Furthermore, the problem of predicting the remaining life of batteries using deep learning has been explored (Zhang Y. et al., 2018). Long Short-Term Memory (LSTM) networks are used to learn the long-term dependencies between the capacity degradation of lithium-ion batteries. LSTM employs backward error propagation for adaptive optimization and uses the dropout regularization technique to address the overfitting problem. This method exhibits better learning and generalization abilities compared to support vector machines and traditional recurrent neural networks.

The deep artificial neural network method has high accuracy for prediction problems such as lifetime prediction, but there is still a lot of room for improvement in efficiency, and there are some limitations in the application of inverse heat conduction solving problems and temperature field reconstruction.

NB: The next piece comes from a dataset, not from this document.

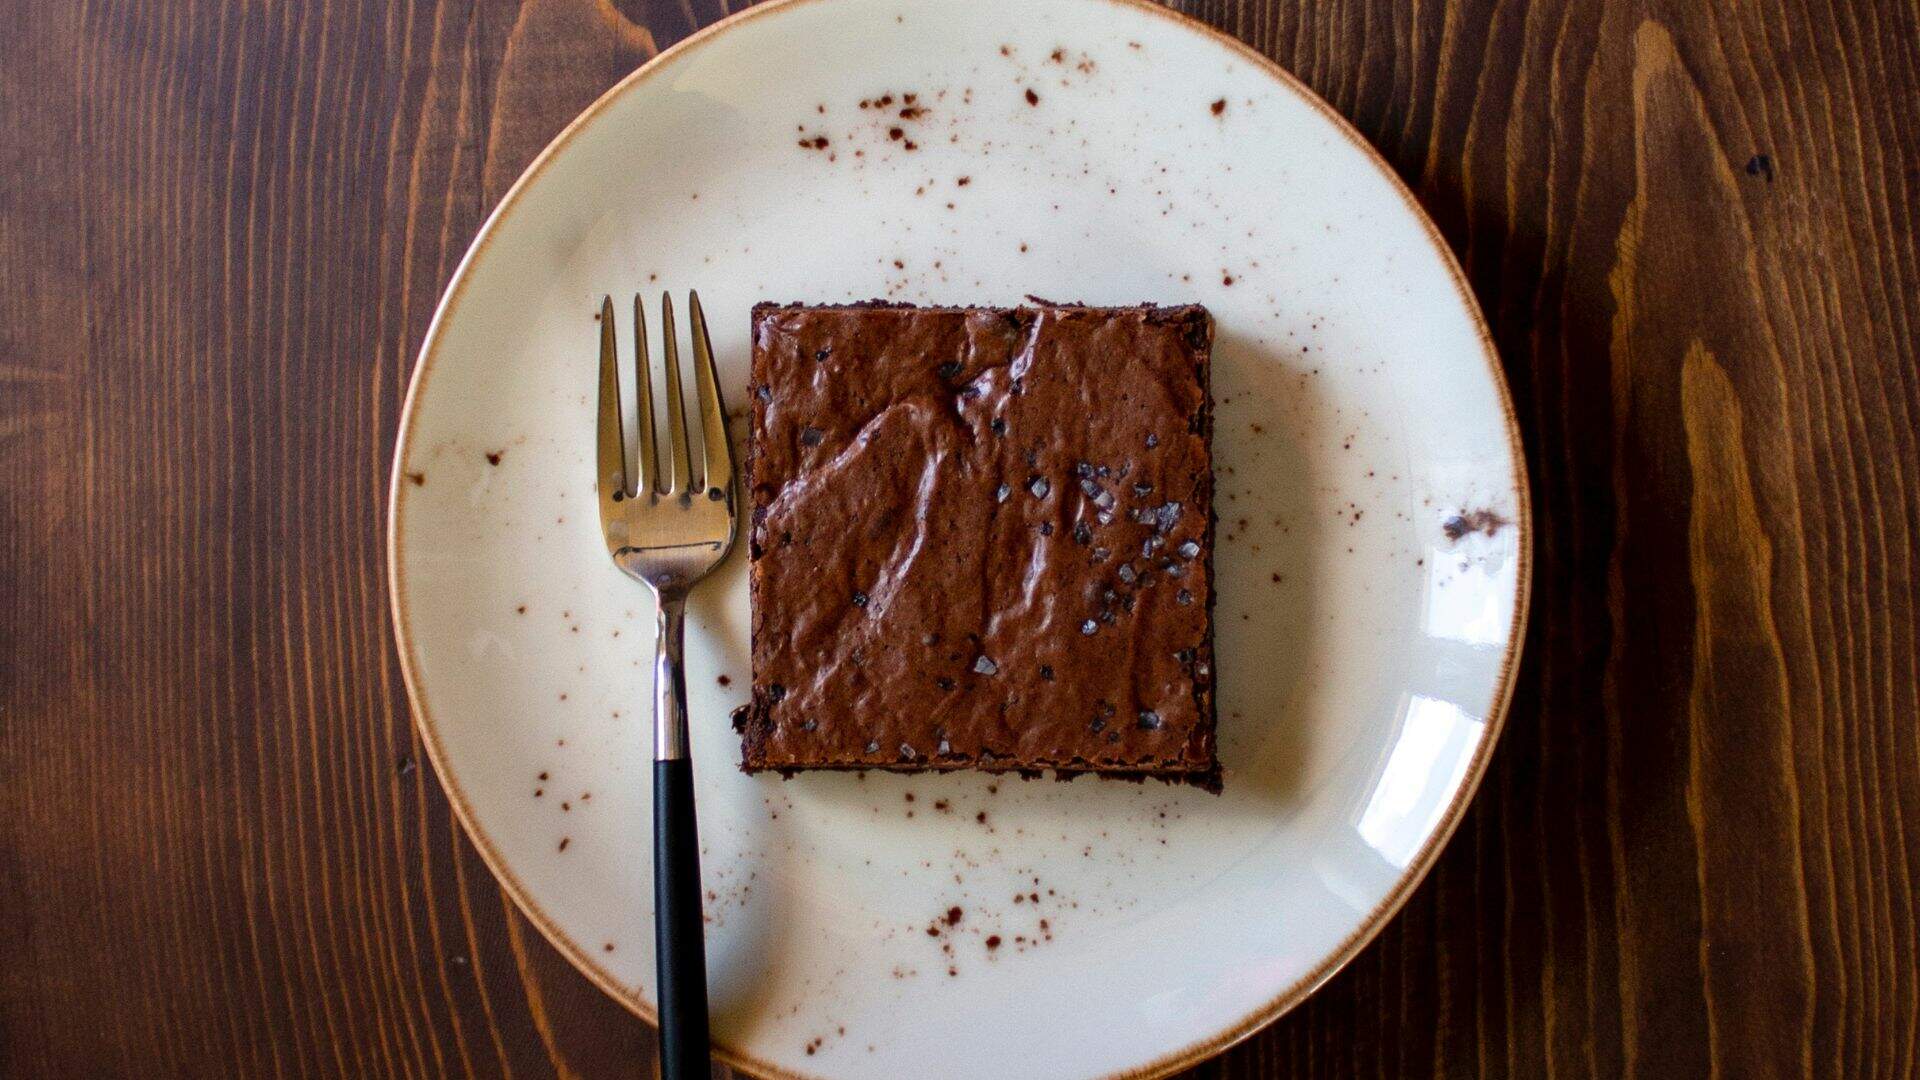 A fim de comer um brownie? Faça essa receita fácil, prática e que dá certo
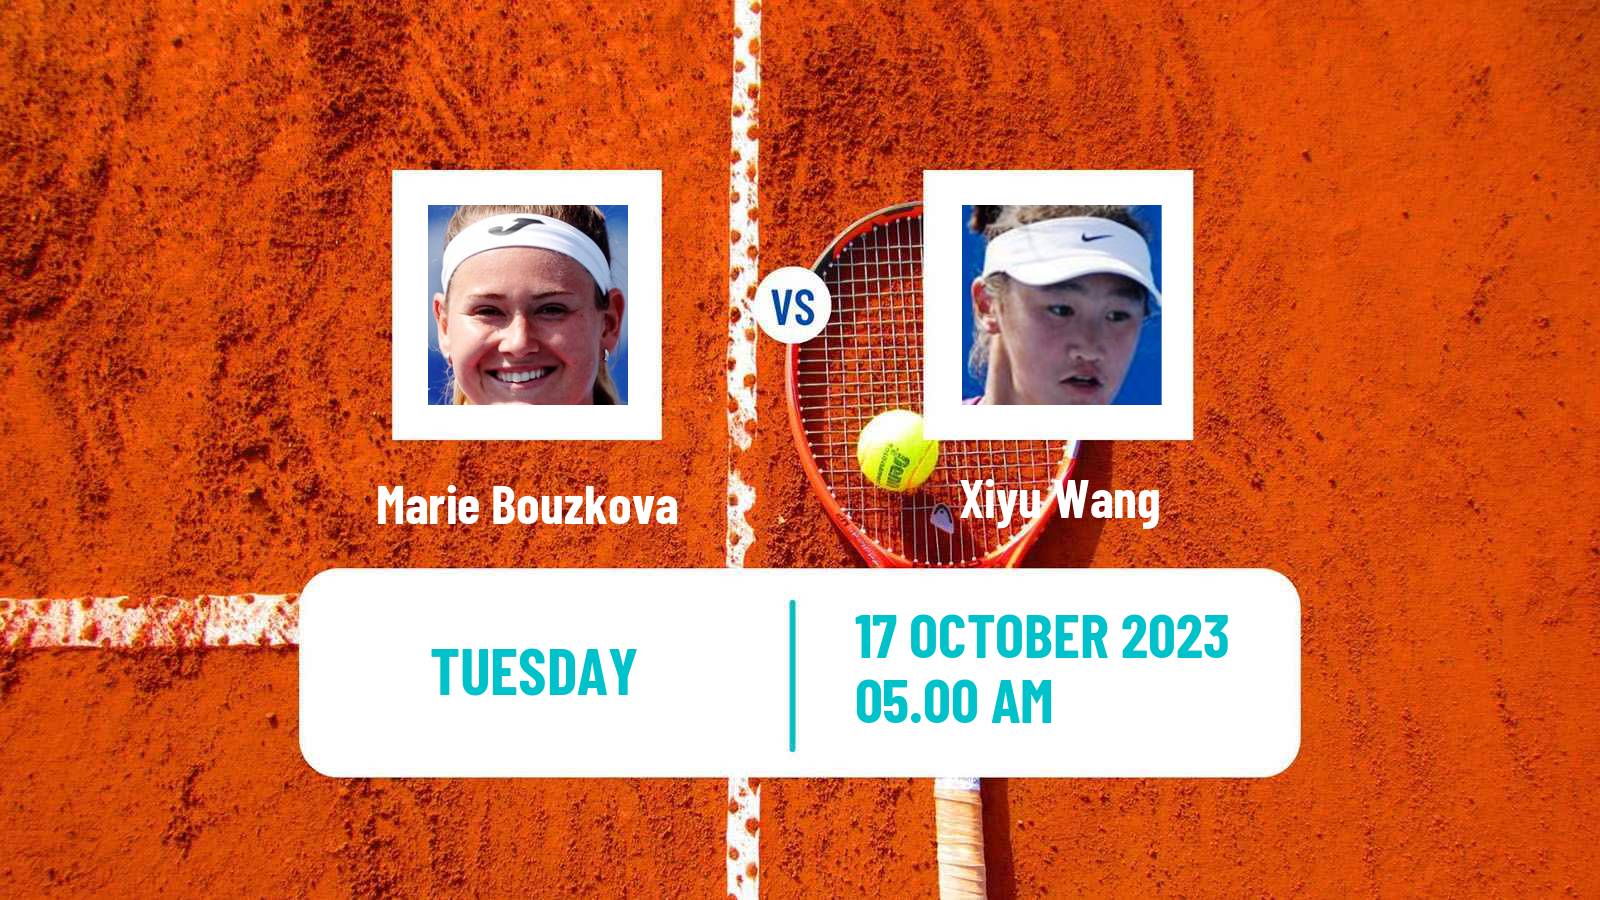 Tennis WTA Nanchang Marie Bouzkova - Xiyu Wang

2.3 Deep learning model compression and acceleration method

Neural network pruning is an important method to achieve network model compression and acceleration, and its working principle is mainly to cut off the weights and model branches that are not important when the neural network is working, to get a small model, from achieving the compression and acceleration of the model.

The ThiNet pruning method (Luo et al., 2017) differs from traditional pruning methods by treating network pruning as a reconstruction optimization problem. This approach determines the pruning strategy for the convolutional kernel of the current layer based on statistical information computed from the reconstruction differences between the inputs and outputs of the subsequent layer.

In addition to network pruning, other lightweight network design methods have been developed. Group point-by-point convolution (Zhang X. et al., 2018) performs grouped convolution operations to reduce the computational loss associated with point-by-point convolution operations. To enable grouped convolution to capture features computed by other groups, a mixing operation is introduced to reintegrate features from different groups, allowing the new group to contain features from other groups as well.

Automatic machine learning algorithms (AutoML) have also been widely used in lightweight neural network design. Some researchers (He et al., 2018) proposed AutoML for Model Compression (AMC), which utilizes reinforcement learning to efficiently sample the design space and learn compression strategies with better compression ratios to maintain model performance while reducing human intervention in the model. and maintain model performance while reducing human intervention in the model.

Due to the large model capacity difference between the teacher model and the student model, which leads to a “generation gap” between the student model and the teacher model, Wang Y. et al. (2018) pioneered a teacher-assistant-assisted knowledge distillation method, which utilizes the discriminator of the generative adversarial network as the teacher-assistant. They regarded the student model as a generator, and guided by the discriminator, the student model generated a feature distribution similar to that of the teacher’s model, thus assisting the student model in learning. Some researchers (Cui et al., 2017) proposed a novel mutual distillation method, which allowed two groups of untrained student models to start learning and solve the task together, i.e., the teacher and the student models were trained and updated at the same time.

According to the above findings, knowledge distillation, a deep learning model compression and acceleration strategy, has been widely applied and developed, but little research has been reported on the application of knowledge distillation techniques in the field of heat conduction inverse problem solving.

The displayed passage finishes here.